Media and telecommunications

The Australian Broadcasting Corporation (ABC) and the Special Broadcasting Service Corporation (SBS) will be subject to a one per cent reduction in base funding ($43.5 million over four years). Norton Rose Fulbright partner Martyn Taylor considers that “this one per cent reduction in funding is controversial, but is less severe than many commentators had expected”. He also notes that the ABC and SBS will remain exempt from the so-called ‘efficiency dividend’ that imposes budgetary reductions on other government entities. 

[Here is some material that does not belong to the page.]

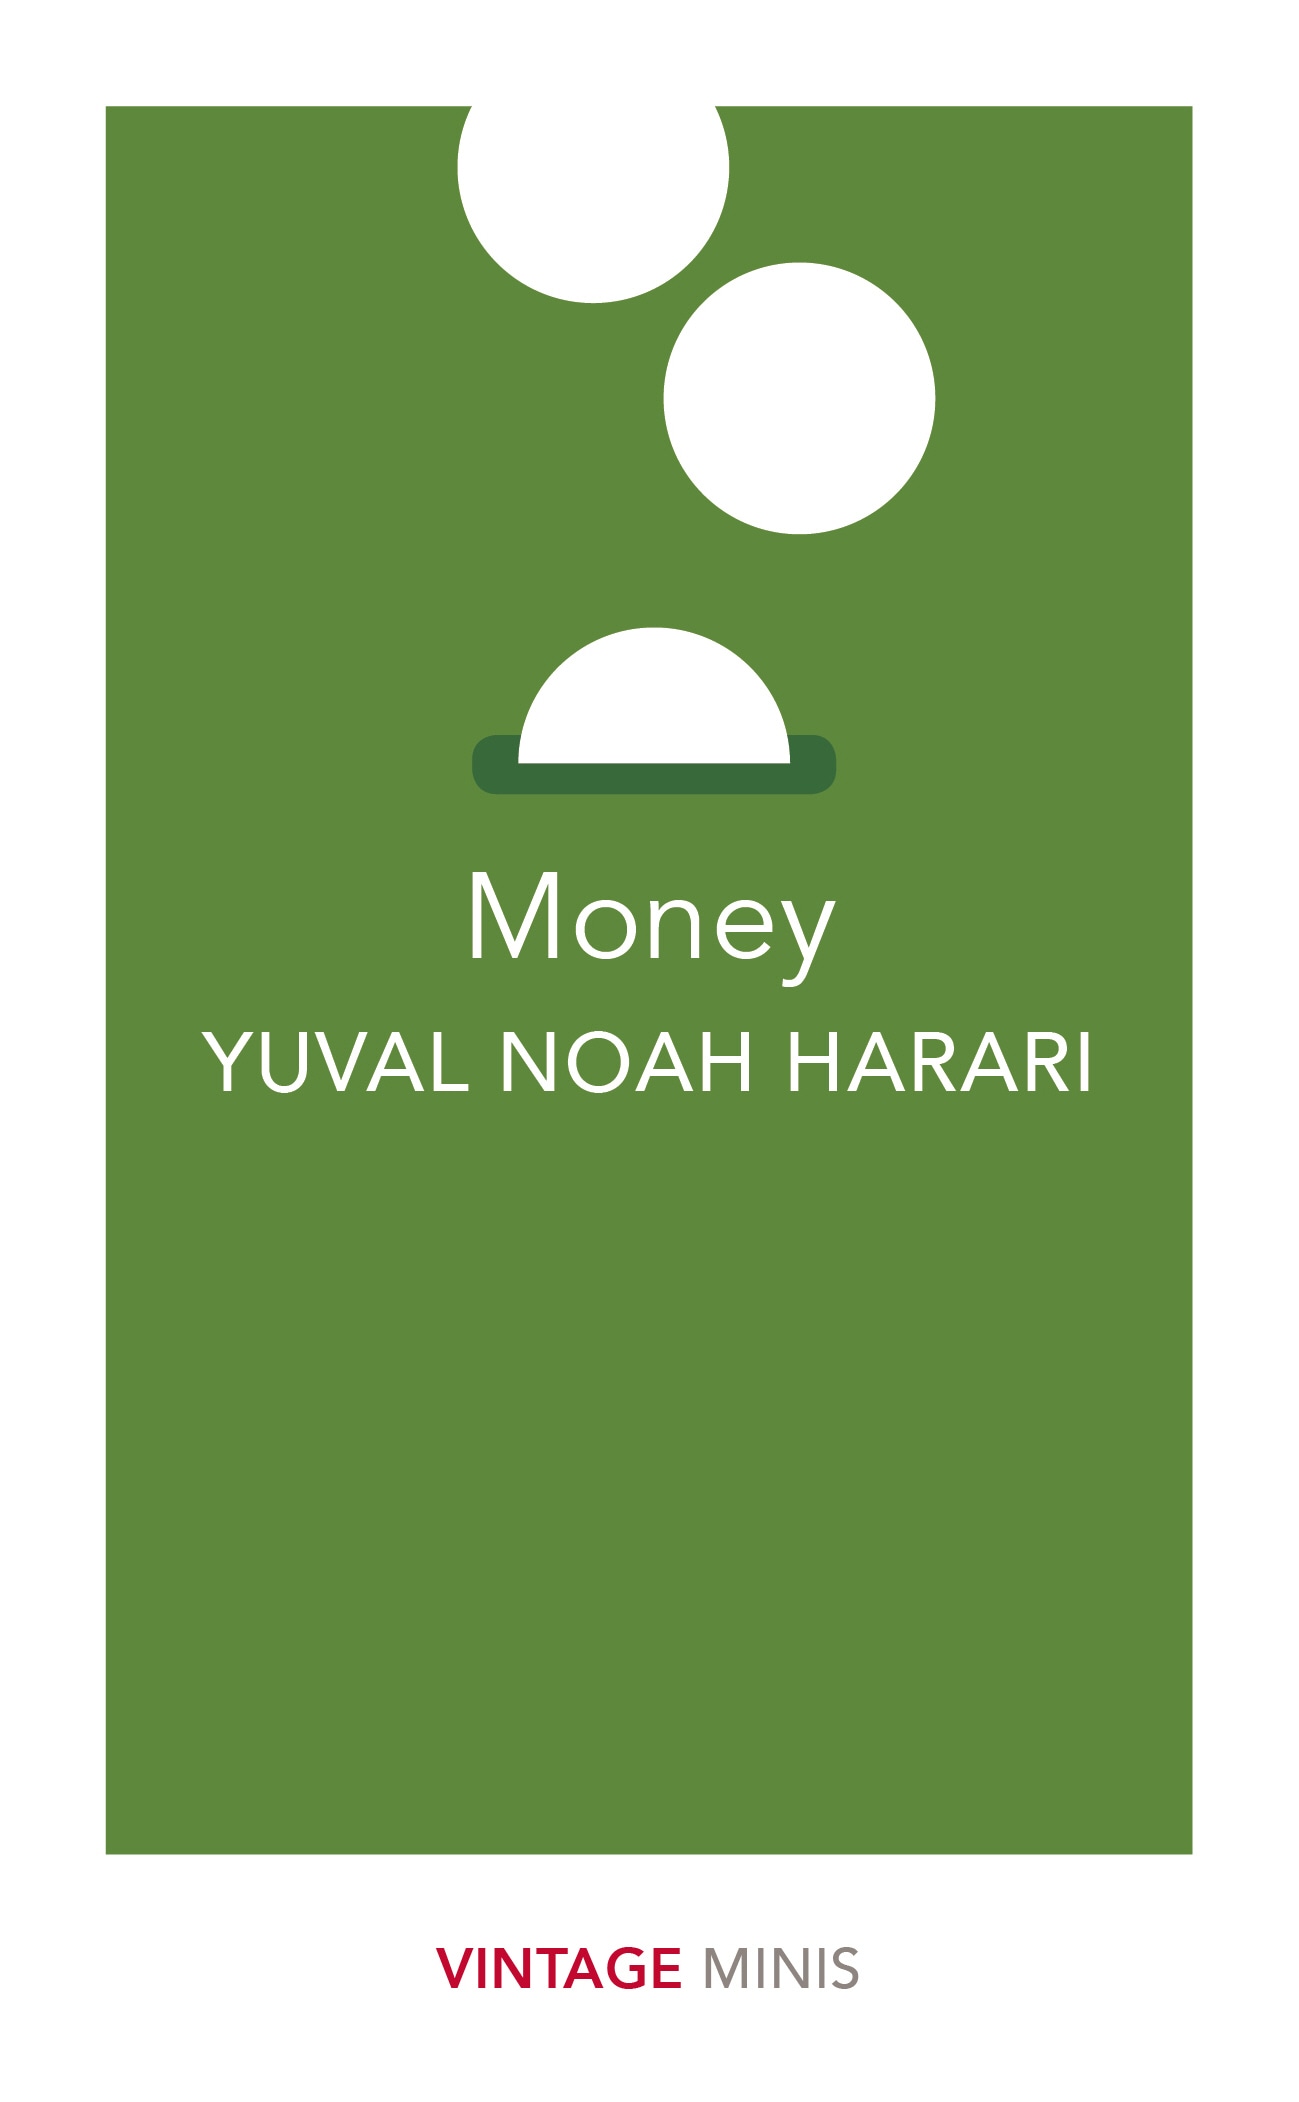 Book “Money” by Yuval Noah Harari — April 5, 2018

However, the budget confirms that the government’s contract with the ABC for the Australia Network will be terminated. The Australia Network has been Australia’s international television broadcasting service and has been supplied on a 24/7 basis across the Asia-Pacific. The Australia Network has to date been run by the ABC under a 10 year contract. 

The budget also identifies that the Telecommunications Universal Service Management Agency (TUSMA) will be dissolved and its functions will be transferred to the Department of Communications. TUSMA was an independent entity established in 2012 to manage the allocation of universal service funding and the ongoing delivery of universal service obligations for voice-only and payphone services in the context of the rollout of the National Broadband Network. The intent of this measure is to realise administrative synergies.

The government will also provide $100 million over four years to improve the coverage and competition in the provision of terrestrial mobile voice and wireless broadband services in regional areas of Australia. Both allocations of funding meet election commitments.

Reforms for shipping in Australia

From 1 July 2014, the government will decrease the Protection of the Sea Levy (PSL) to 11.25 cents per net registered tonne for defined vessels on an ongoing basis. The PSL revenue was levied to establish a $10 million pollution response fund to enable the Australian Maritime Safety Authority to respond quickly to pollution incidents at sea. The government will now achieve savings of $39 million over four years by rephasing lower priority maritime safety initiatives and these savings will offset the reduction in revenue.

Norton Rose Fulbright partner Ernie van Buuren says that the reduction of the PSL will assist to reduce the cost of conducting shipping business in Australia. He adds that in recent years shipping rates in Australia have surged and this reduction in the levy on ships entering Australian ports will be a welcome measure. 

The government is also committed to supporting the recent Review of Coastal Shipping by the Department of Infrastructure and Regional Development, which aims to optimise the regulation of the coastal shipping industry. The review recently gained momentum and on 8 April 2014 Warren Truss, the Deputy Prime Minister and Minister for the department, announced the release of an options paper on approaches to regulating coastal shipping in Australia.

In May 2014, the department also held an open consultation session in relation to the options to reform the legislation which manages cabotage regulation, which preserves freight routes from one Australian port to another for Australian flagged ships. The government is committed to finding a solution to balance the interests of Australian industry participants requiring competitive shipping services, and the interests of shipping stakeholders seeking to develop an Australian flagged fleet.

Mr van Buuren also says that the Australian maritime industry is an unfortunate casualty of the government’s funding cuts. The maritime industry’s long awaited funding injection to support future workforce training needs of local seafarers has been now been cut, with the government set to achieve savings of $5 million over three years by not proceeding with funding for the Sustaining Australia’s Maritime Skills measure announced in last year’s budget.

The decline, over a number of decades, of the Australian maritime workforce has made it difficult to competitively recruit, train and employ Australian crews. Mr van Buuren considers that this budget measure will significantly increase the challenges that already exist to rebuild a strong Australian maritime capability. The shipping task through Australian waters is forecast to double by 2029-30 which will substantially increase demand for maritime technical skills.